Task — Please transcribe the listing that follows exactly; images are to be excluded.

Data below —
━━━━━━━━━━━━━━━━

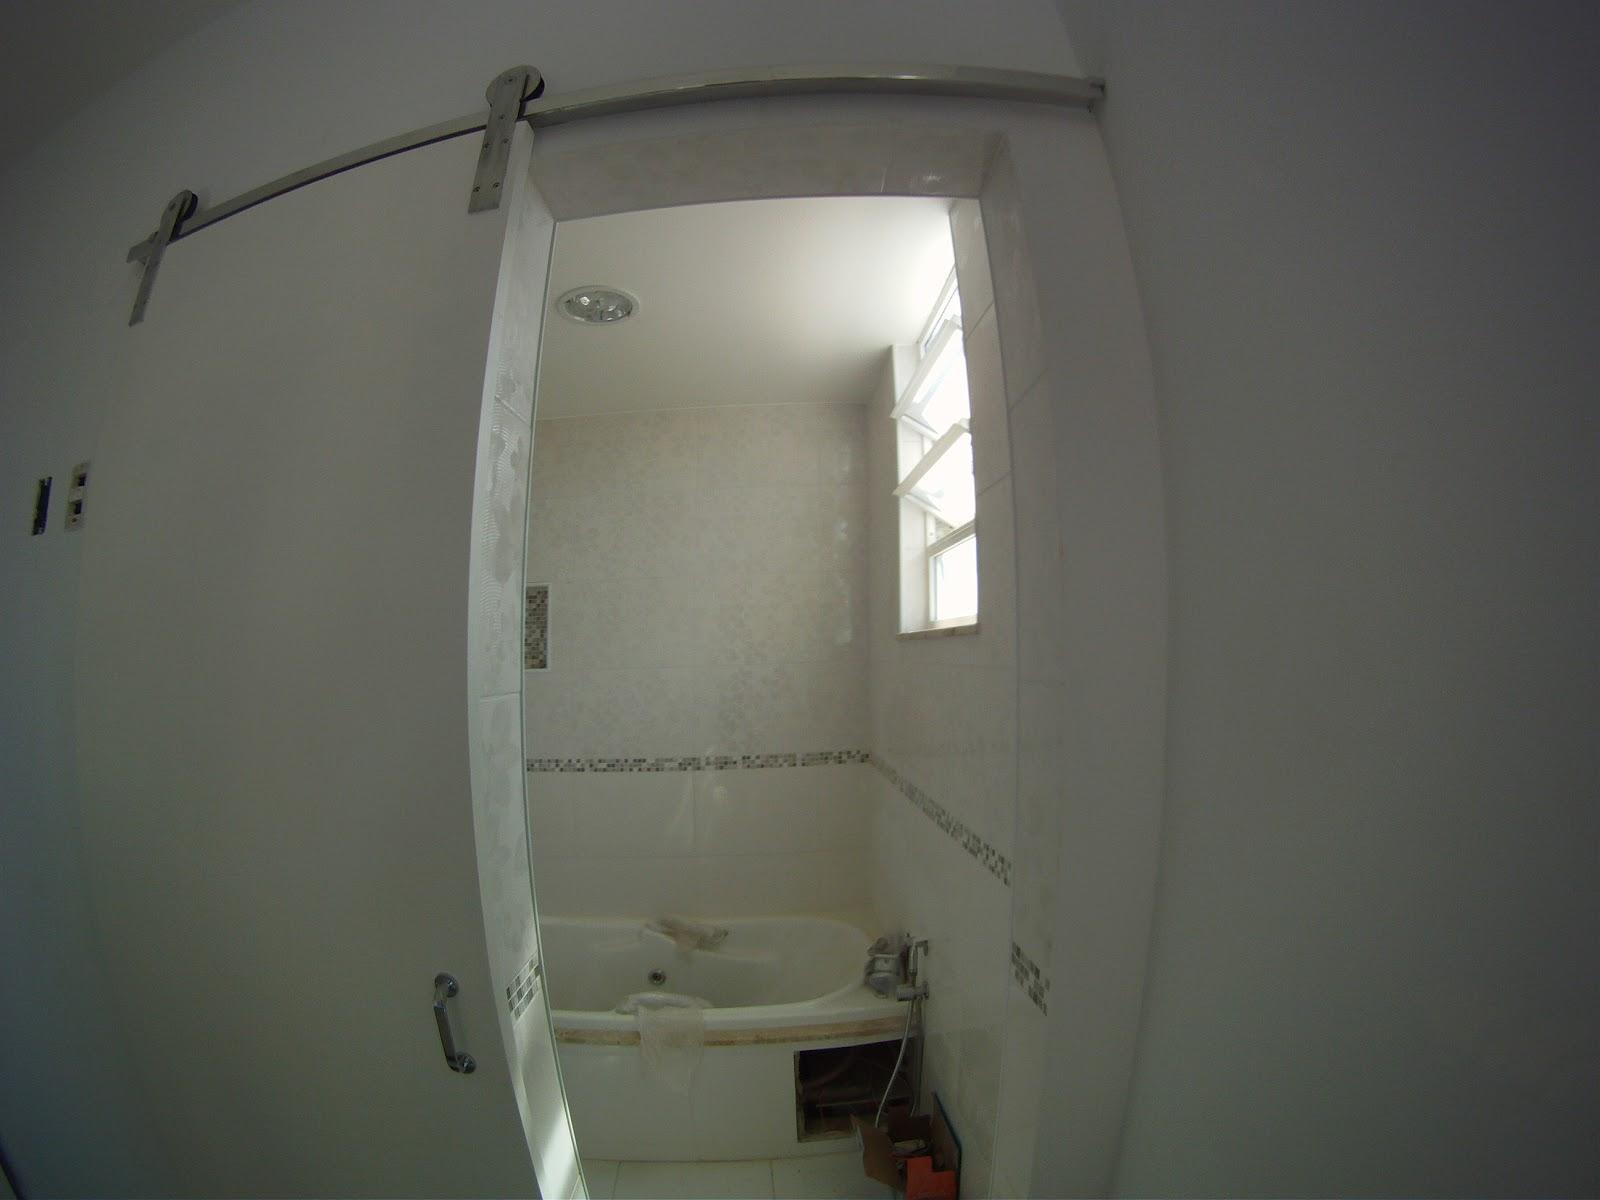 Imagens de #71715A Banheiro da Suíte : Tembém praticamente pronto! Falta o blindex  1600x1200 px 3514 Blindex De Banheiro Rj
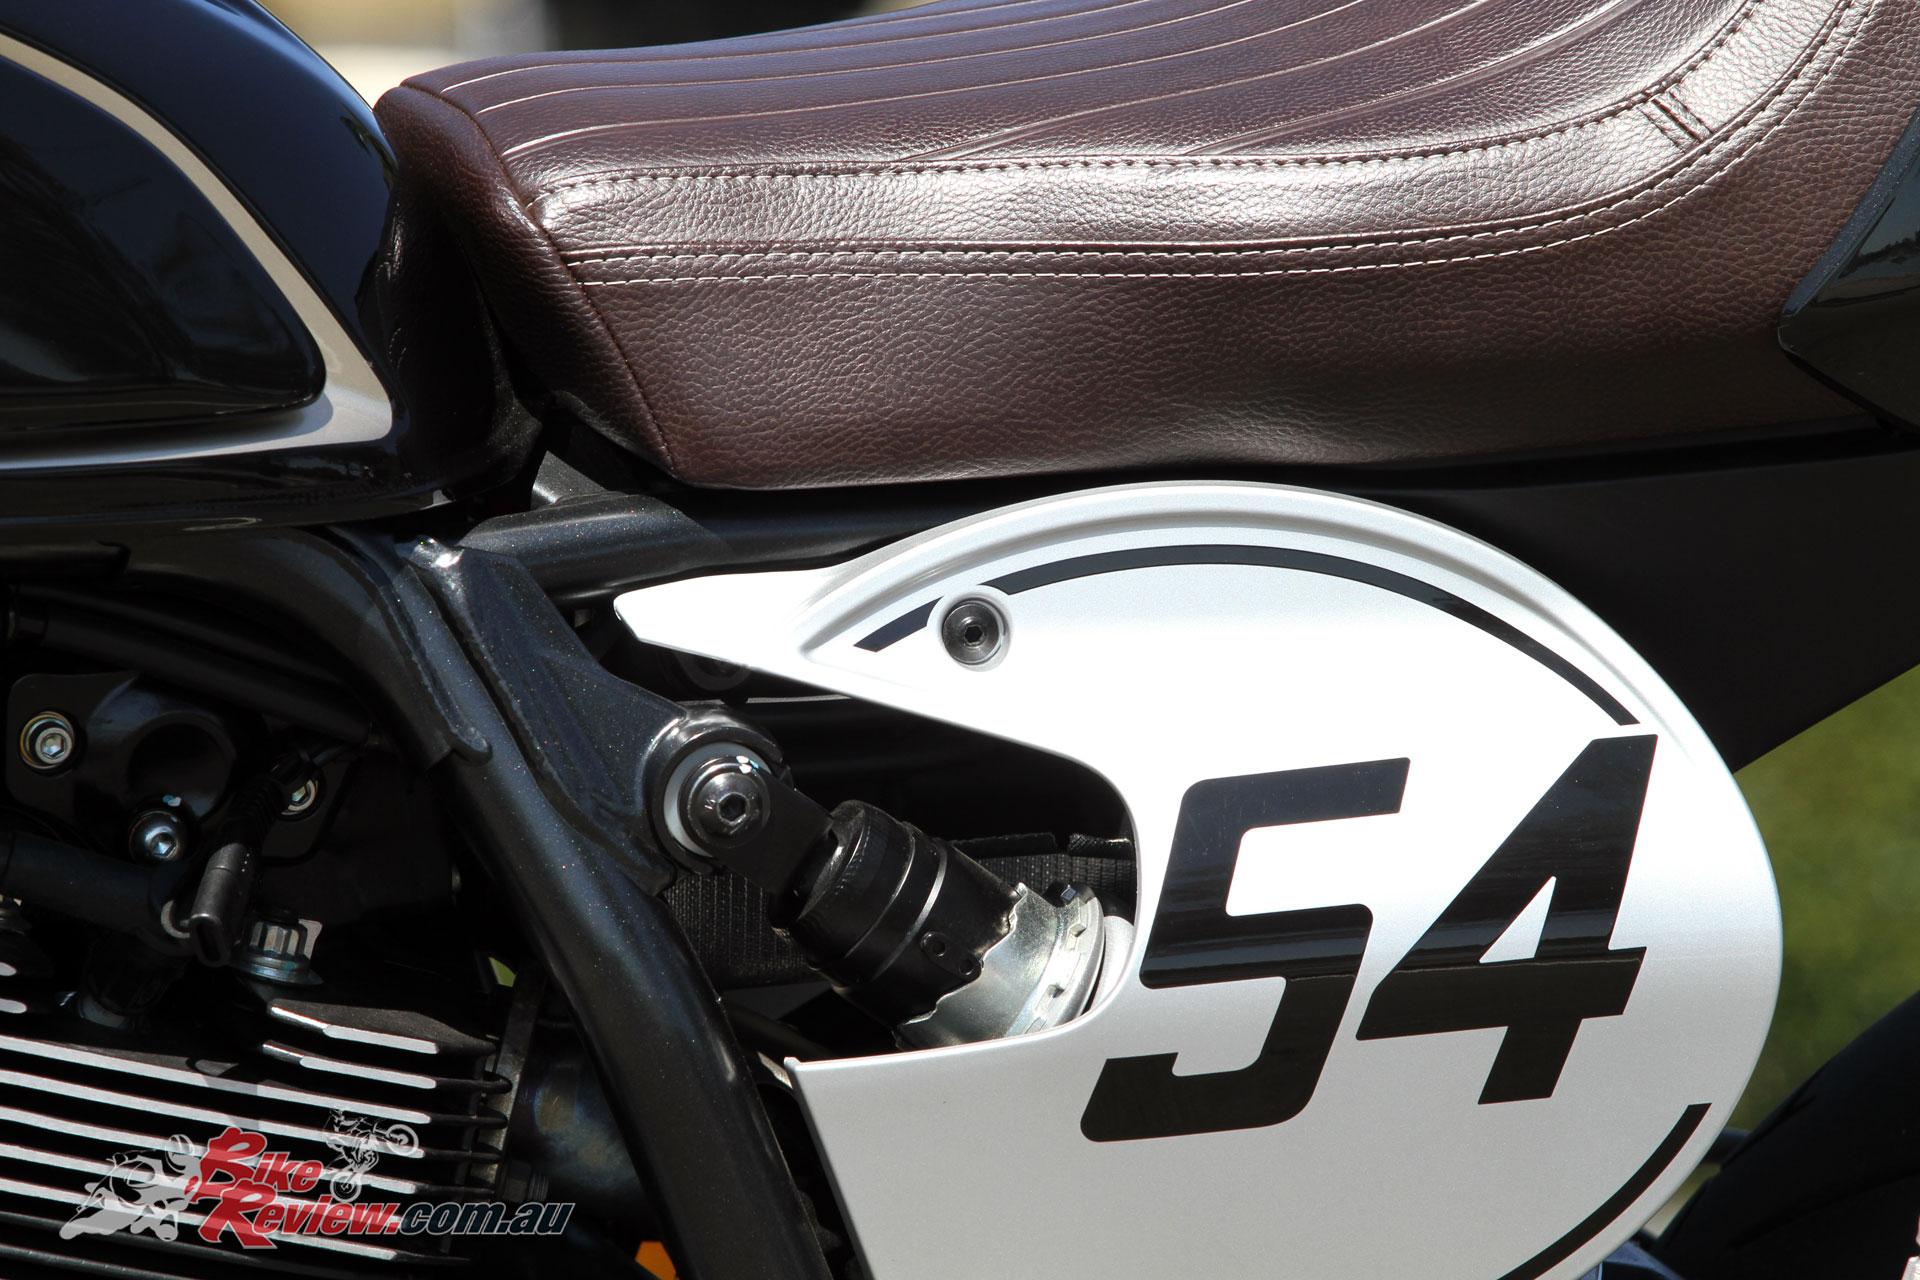 Review 2018 Ducati Scrambler Cafe Racer Bike Review
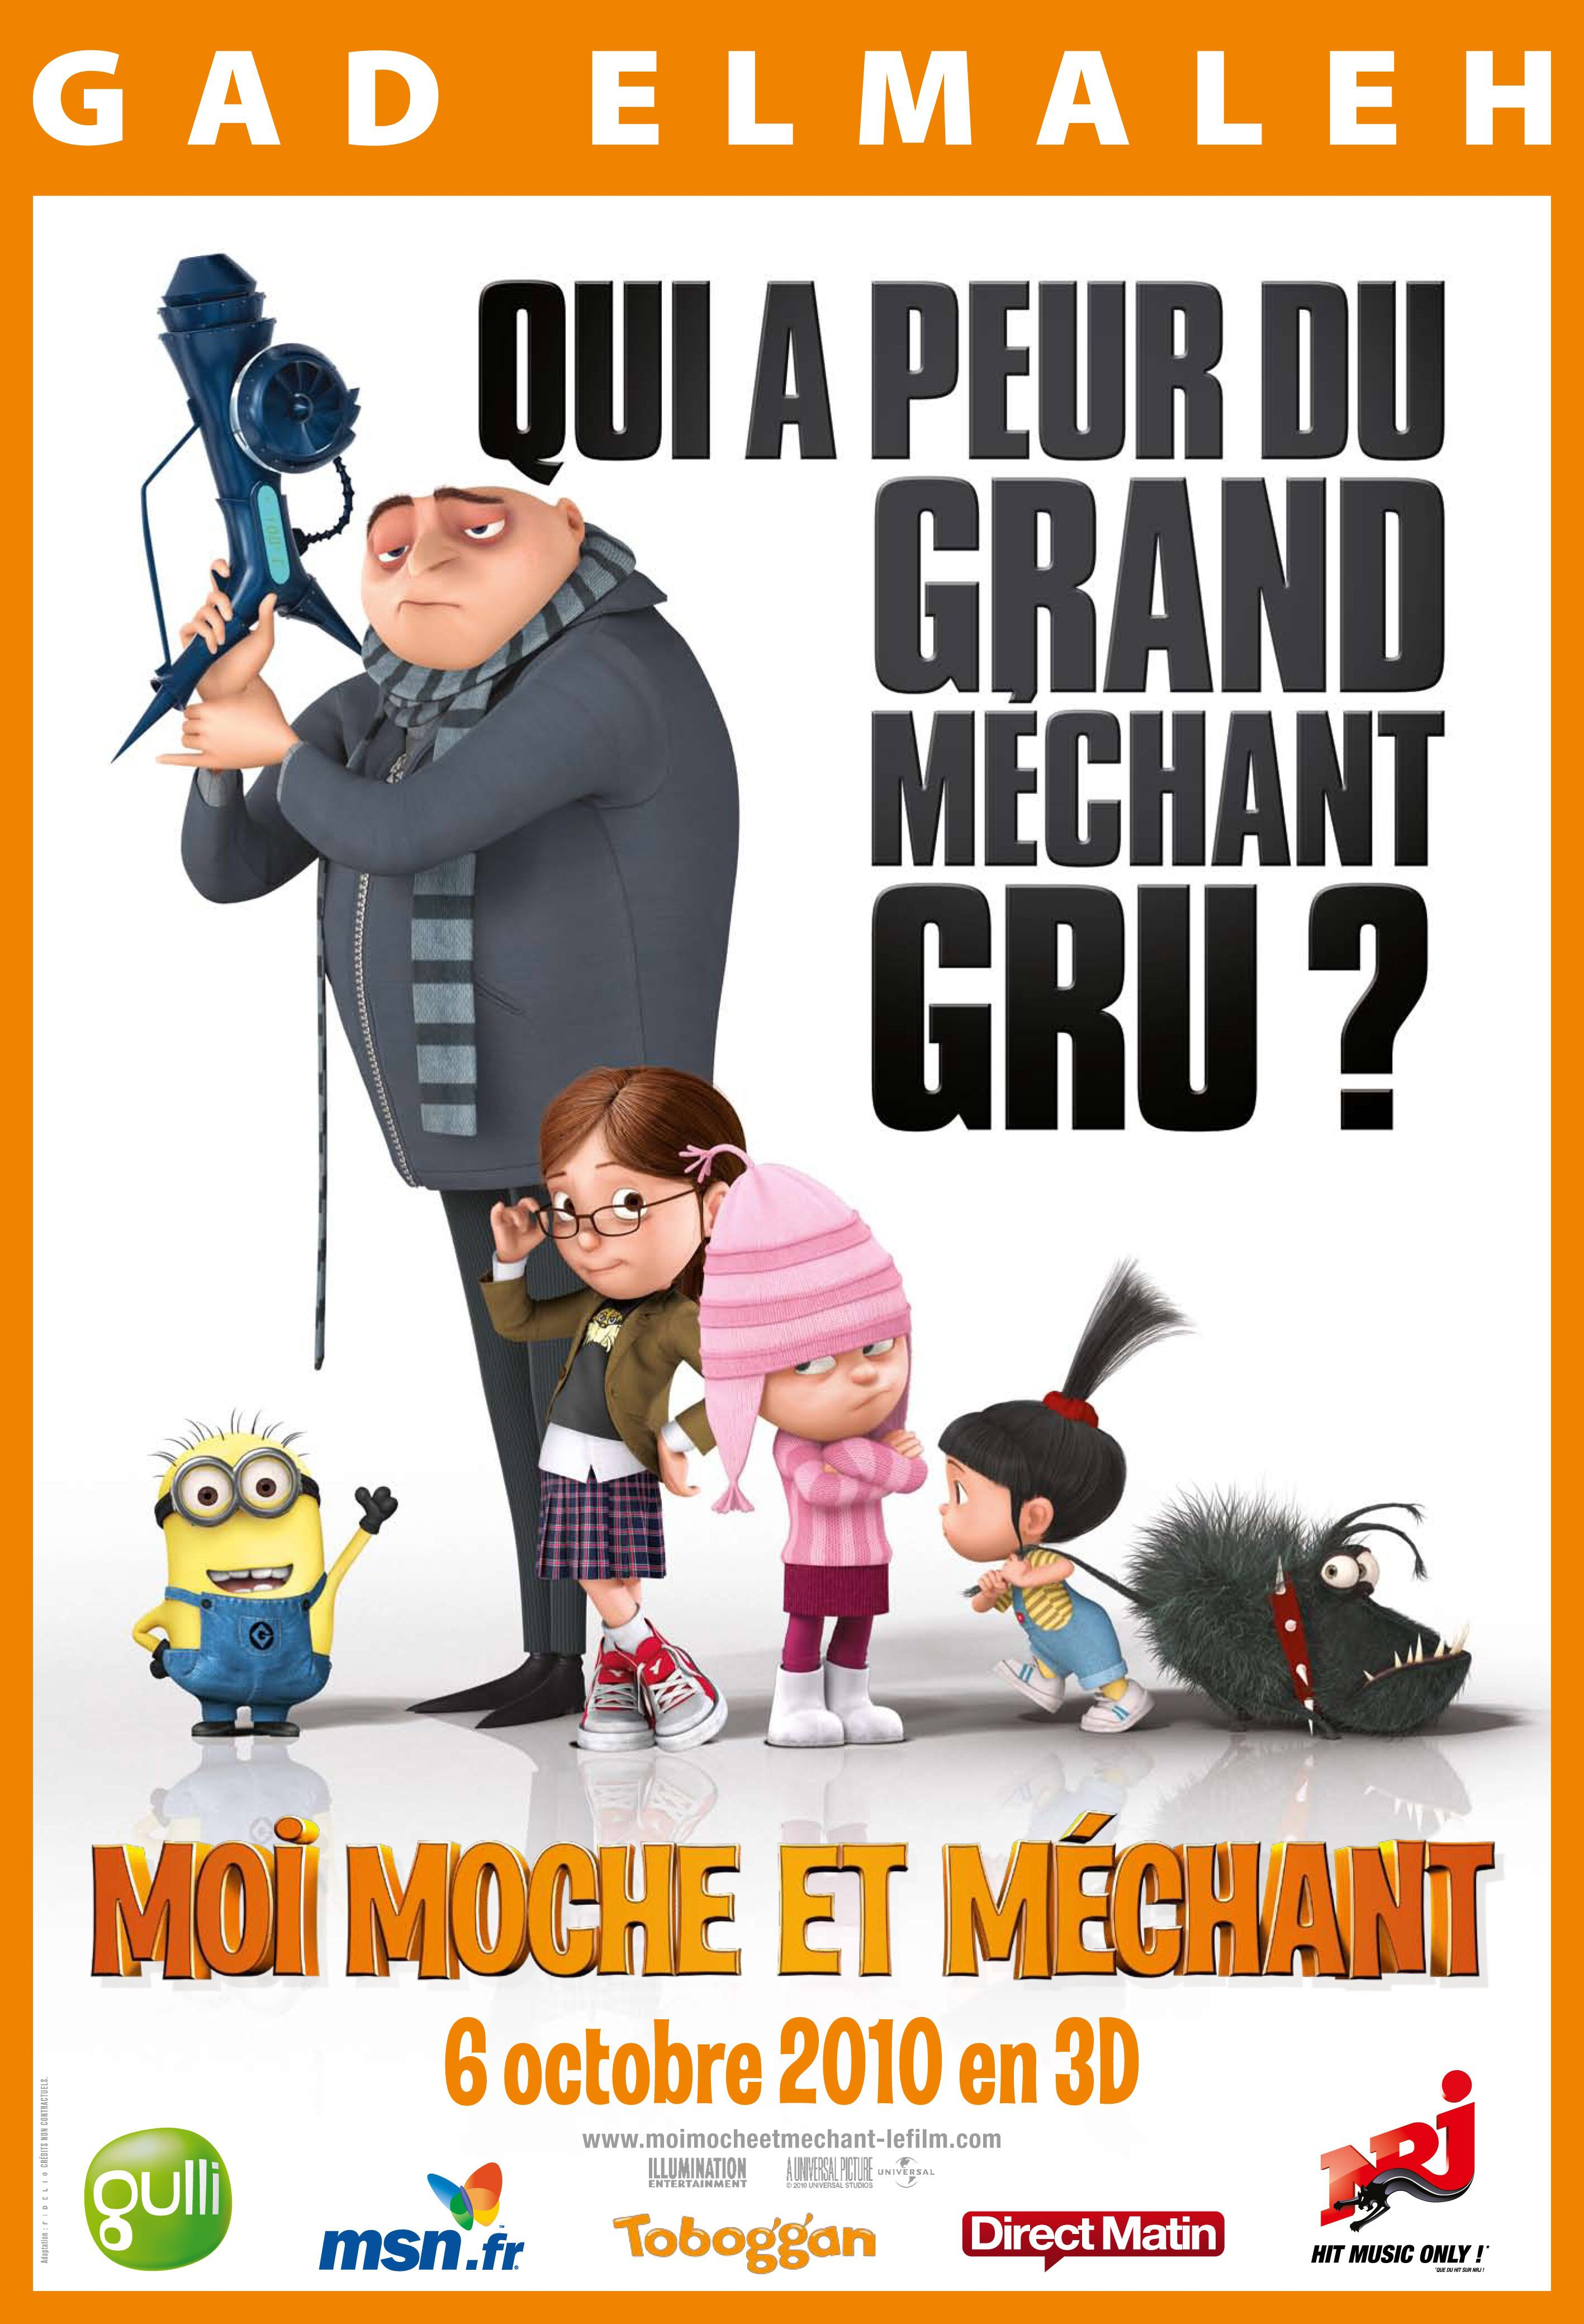 Moi Moche Et Mechant Moi Moche Et Mechant Mechant Film

━━━━━━━━━━━━━━━━

Reply —
 Imagens de #71715A Banheiro da Suíte : Tembém praticamente pronto! Falta o blindex  1600x1200 px 3514 Blindex De Banheiro Rj
 Review 2018 Ducati Scrambler Cafe Racer Bike Review
 Moi Moche Et Mechant Moi Moche Et Mechant Mechant Film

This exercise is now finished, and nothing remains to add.